2. Introduction to demand and supply
What is demand?
Total quantity of a product or service that a consumer is willing to and able to buy
for a given price at a given time period.
What is supply?
Refers to the amount a given product or service that suppliers are willing to offer
consumers at a given price at a given time period.
4. Price of the commodity
The price of the commodity has an inverse relationship with the demand. As the
price falls the demand increases and vice versa. This is known as the law of
demand.
Example:
Apple iPhone sales have dropped in India by 42% in the Jan-March quarter of
2019 as compared to previous year quarter.
5. Price of Related Goods
There are two kinds of related goods namely:
a) Substitute Goods
b) Complimentary Goods
Substitute Goods are goods that can be used in place of one another.
In the case of substitute goods if the price of good X increases then the demand for good Y
increases.
Complimentary goods are goods that are used in conjunction with one another typically for greater
value.
In case of increase in price of good X, demand for good Y falls.
6. Example:
The demand for the Xiaomi phones are more as compared to its competitors like Samsung and
Realme as Xiaomi offers the same product with similar features at a comparatively lower cost.
Example:
If the price of printers increases then the demand for printers will decrease therefore resulting in
the decline in the demand for cartridges.
7. Expected Future Price
If the consumer expects the price of the product to rise in the coming future then
the demand for the product will increase in the present as there will be price hike
in the future.
In India there is a general tendency to wait for various festive occasions such as
Diwali where the prices of goods are expected to fall therefore people visit online
portals such as amazon and Flipkart around that time to make any electronic
purchases, therefore demand increases around those festive occasions.
8. Income of the consumer
There is a direct(positive) relationship between income of the consumer and the
general demand for a good.
Example:
Since the per capita income of the people in USA is greater than that of the
people in India hence, people there are able to afford more expensive products.
Therefore the demand for a brand like the Alienware laptop is greater in the USA.
9. Taste and preferences of Consumers
Tastes and preferences have a direct relation with the demand. If the tastes
change favorably towards a product then its demand increases and vice versa.
Example:
With the launch of any new iphone model, the earlier ones tend to go out of
fashion therefore, consumers preferences are no longer inclined towards them
thus resulting in a decrease in demand.
10. Distribution of Income
Equal distribution of income results in higher demand for a particular product as
the purchasing power of such an economy will be higher.
Example:
In India there is unequal distribution of income. As per estimates the richest 1% of
Indians own 58.4% of the total wealth. Due to this a large proportion of the
population is unable to afford expensive tablets like the various iphone tablets
and phones.
12. Price of product
As per the law of supply if the price of the product increases then there is a
subsequent increase in it’s supply as well, other factors remaining constant and
vice versa.
13. Input Price
Fall in input price reduces the cost of production therefore increasing profit
margin thereby encouraging suppliers to increase supply.
Example:
Reduction in the cost of compressor in a fridge will reduce the overall
manufacturing cost of one unit thereby potrntially increasing the number of units
supplied.
14. Size of Market
Large scale production will reduce the per unit cost of production therefore once
again increasing the profit margin of a producer. This also allows him to sell his
product to a large number of consumers thus the producer will be able to increase
his supply.
Example:
Brands like HP, Lenovo and Apple find the market size of india to be large and
therefore market their products here.
15. Factor prices and their availability
Largely classified into land, labor, capital and entrepreneur.

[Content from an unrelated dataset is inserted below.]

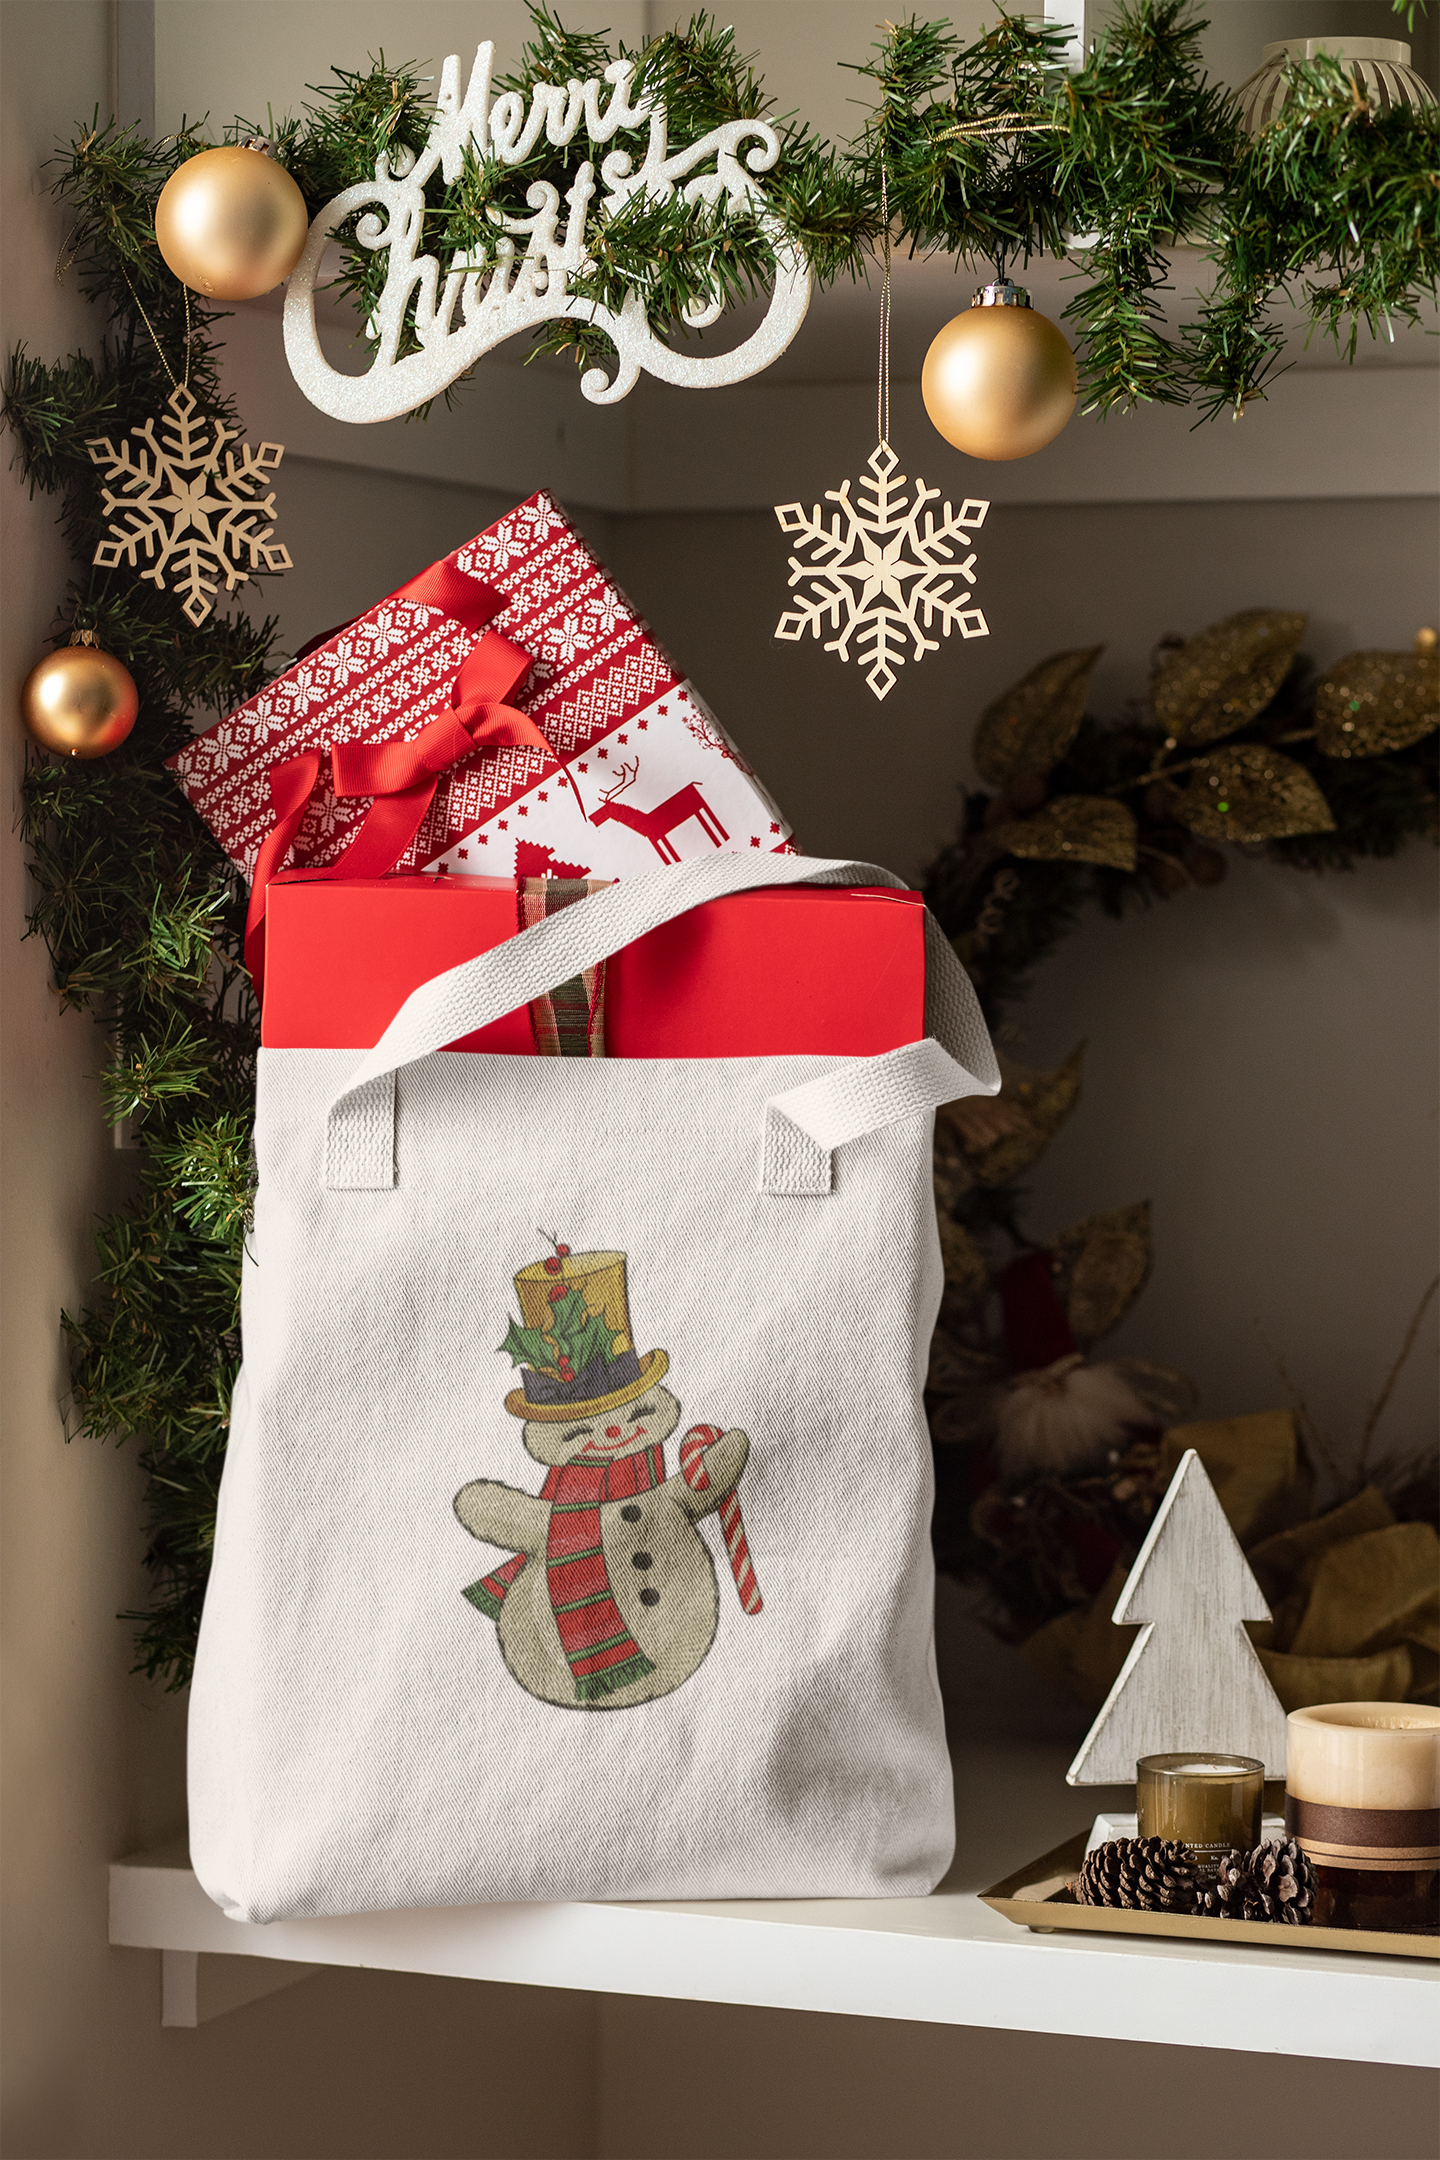 Embroidered bag with Funny snowman design
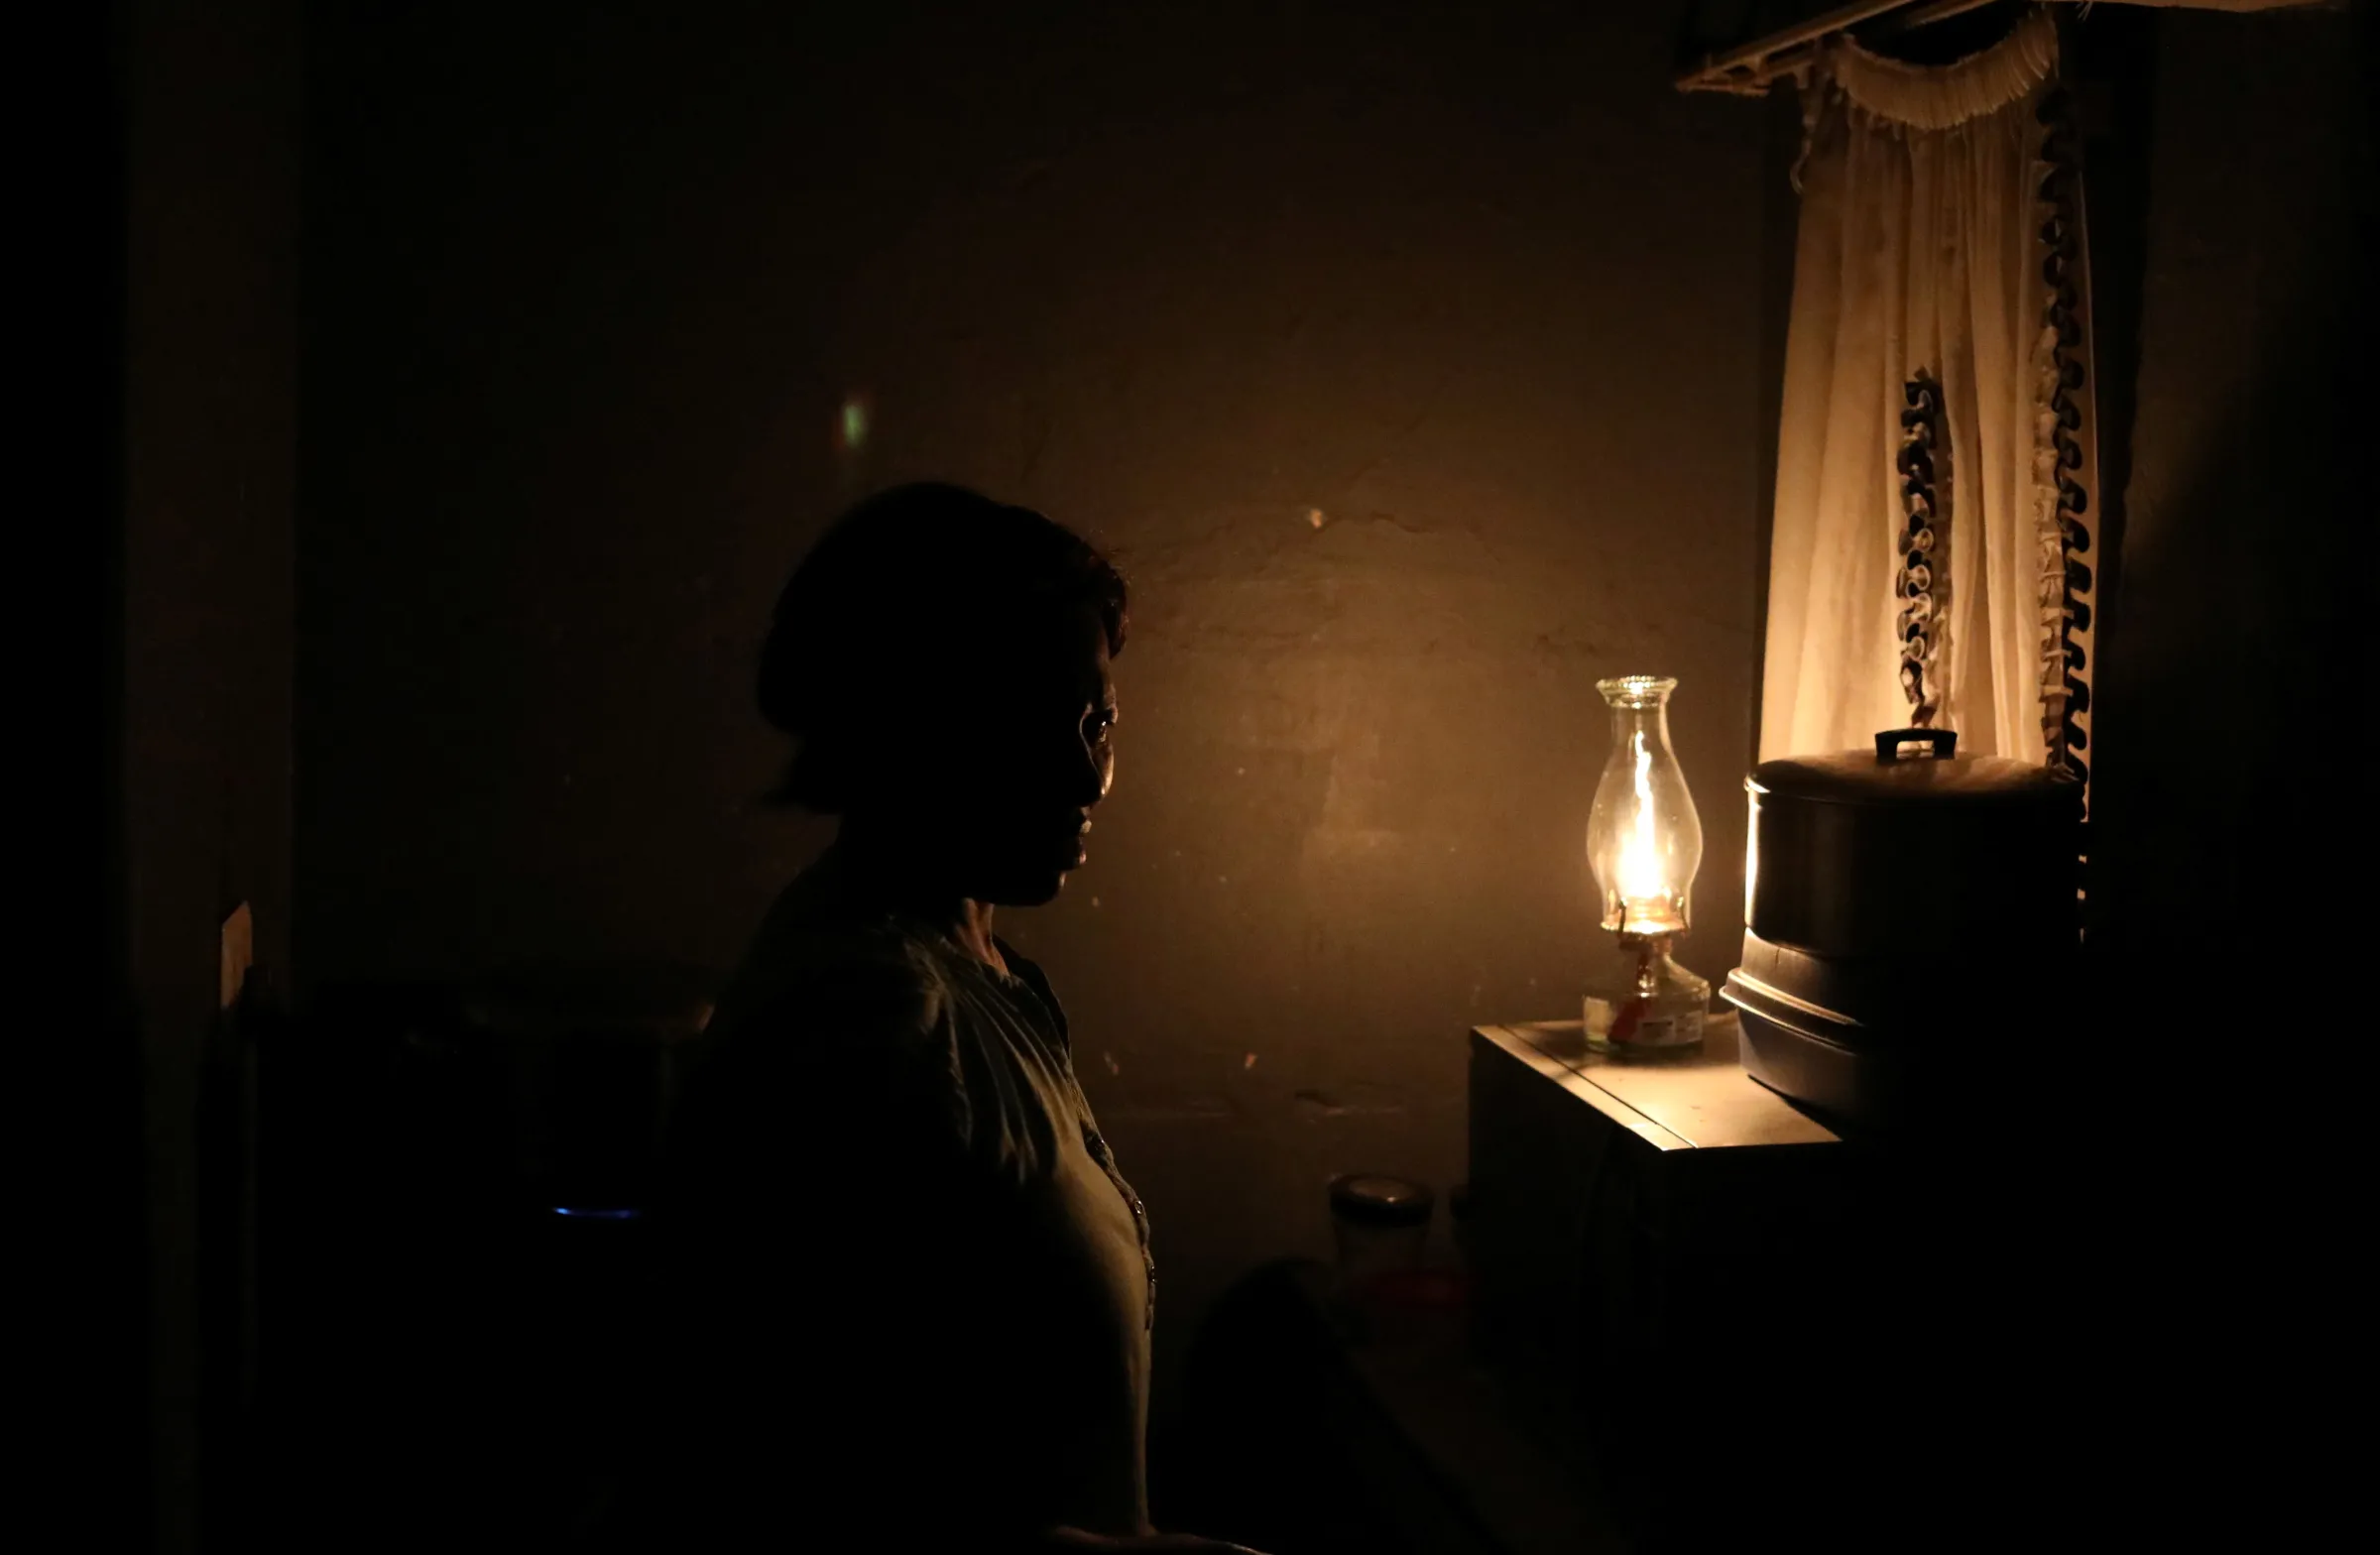 A women looks on next to a parafin light during an electricity load-shedding blackout in Soweto, South Africa, March 18, 2021. REUTERS/Siphiwe Sibeko

Easy availability of all factors at relatively cheap prices will help in reducing the
cost of production.
Example:
Apple does the assembling of its products in China due to cheap labour costs as
compared to those in the USA. This helps in producing more and thereby
supplying more.
16. Government Policies
Different fiscal and industrial policies have a great impact on the overall supply of
a product.
Example:
The price of a particular model of Godrej washing machine increased from 23,570
rupees to 24,737 rupees after the enrollment of GST in July 2017 where it was
initially placed under the 28% tax slab. The tax on the same has now been reduced
to 18%.
An increase in taxes leads to increase cost of production thus reduced supply.